When he got through with the Egyptians, he felt wonderful. He continued feeling wonderful all the way home in the subway. He no longer made any attempt to buy the newspapers. They didn’t make any sense to him. He didn’t recognize any of the people whose names appeared in the columns. It was like reading the Karachi
Sind Observer
or the Sonora
El Mundo
. Not having a paper in his hands made the long ride much more agreeable. He spent his time in the subway looking at the people around him. The people in the subway seemed much more interesting, much more pleasant, now that he no longer read in the newspapers what they were doing to each other.

Of course, once he opened his front door, his euphoria left him. Narcisse had taken to looking at him very closely in the evenings, and he had to be very careful with his conversation. He didn’t want Narcisse to discover what was happening to him. He didn’t want her to worry, or try to cure him. He sat all evening listening to the phonograph, but he forgot to change the record. It was an automatic machine and it played the last record of the second Saint-Saëns piano concerto seven times before Narcisse came in from the kitchen and said, “I’m going out of my mind,” and turned it off.

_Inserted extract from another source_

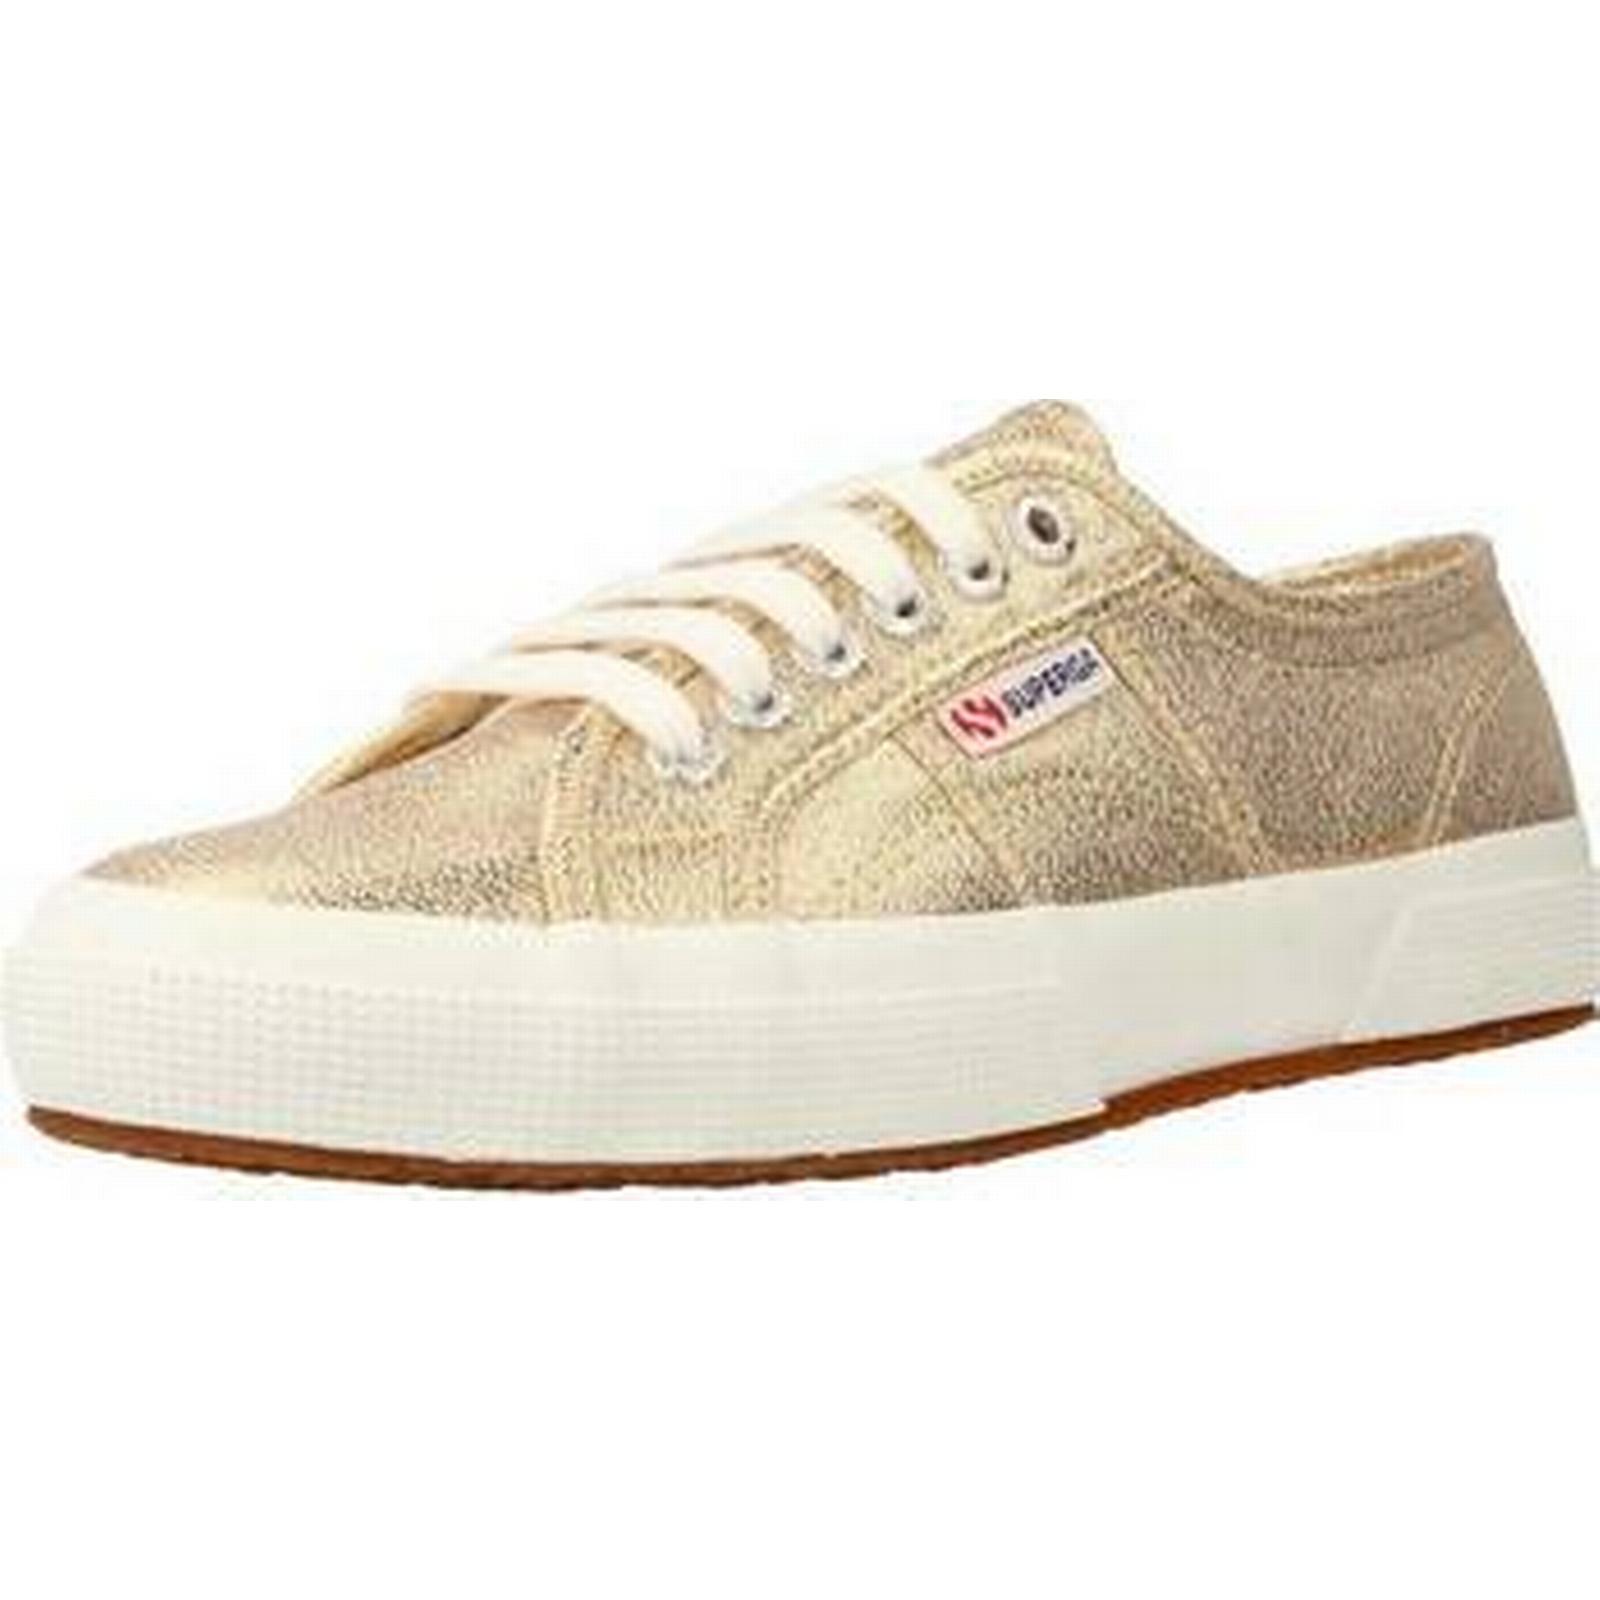 spartoo.co.uk superga  lamew femmes # & # femmes  ; s Chaussure s formateurs en or 96b6b3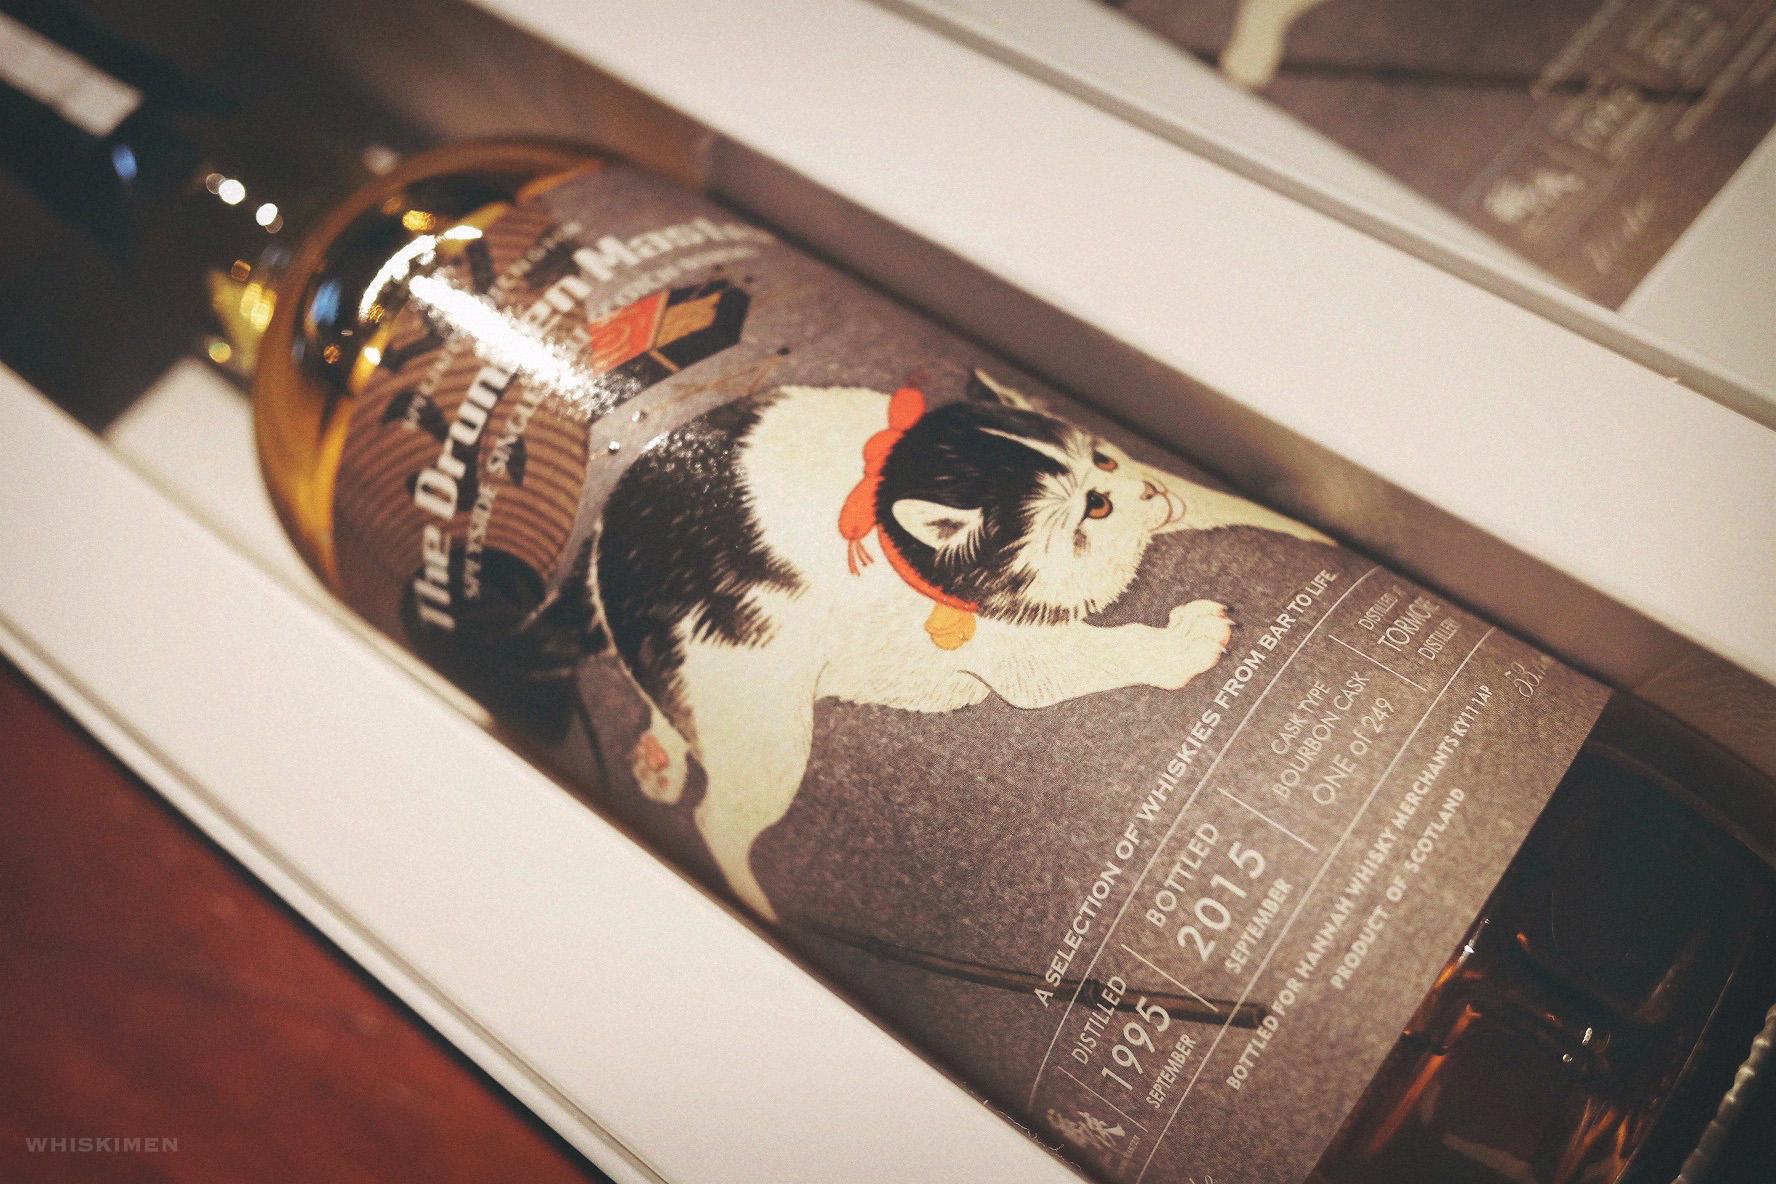 Lady Of The Glen The Drunken Master Tormore 1995 19 Year Old Single Malt Whisky (Bar To Life), bourbon, cat, 貓, 醉俠, Hannah Whisky Merchants, kaohsiung

He went to bed early. He heard Narcisse crying in the next bed. It was the third time that month. There were between two and five more times to go. He remembered that.

The next afternoon, he was working on Talleyrand. He was bent over his desk, working slowly but not too badly, when he became conscious that there was someone standing behind him. He swung in his chair. A gray-haired man in a tweed suit was standing there, staring down at him.

“Yes?” Hugh said curtly. “Are you looking for someone?”

The man, surprisingly, turned red, then went out of the room, slamming the door behind him. Hugh shrugged incuriously and turned back to Talleyrand.

The elevator was crowded when he left for the day, and the hall downstairs was thronged with clerks and secretaries hurrying out of the building. Near the entrance, a very pretty girl was standing, and she smiled and waved at Hugh over the heads of the homeward-bound office workers. Hugh stopped for an instant, flattered, and was tempted to smile back. But he had a date with Jean, and anyway he was too old for anything like that. He set his face and hurried out in the stream of people. He thought he heard a kind of wail, which sounded curiously like “Daddy,” but he knew that was impossible, and didn’t turn around.

He went to Lexington Avenue, enjoying the shining winter evening, and. started north. He passed two bars and was approaching a third when he slowed down. He retraced his steps, peering at the bar fronts. They all had chromium on them, and neon lights, and they all looked the same. There was another bar across the street. He went and looked at the bar across the street, but it was just like the others. He went into it, anyway, but Jean wasn’t there. He ordered a whisky, standing at the bar, and asked the bartender, “Have you seen a lady alone in here in the last half hour?”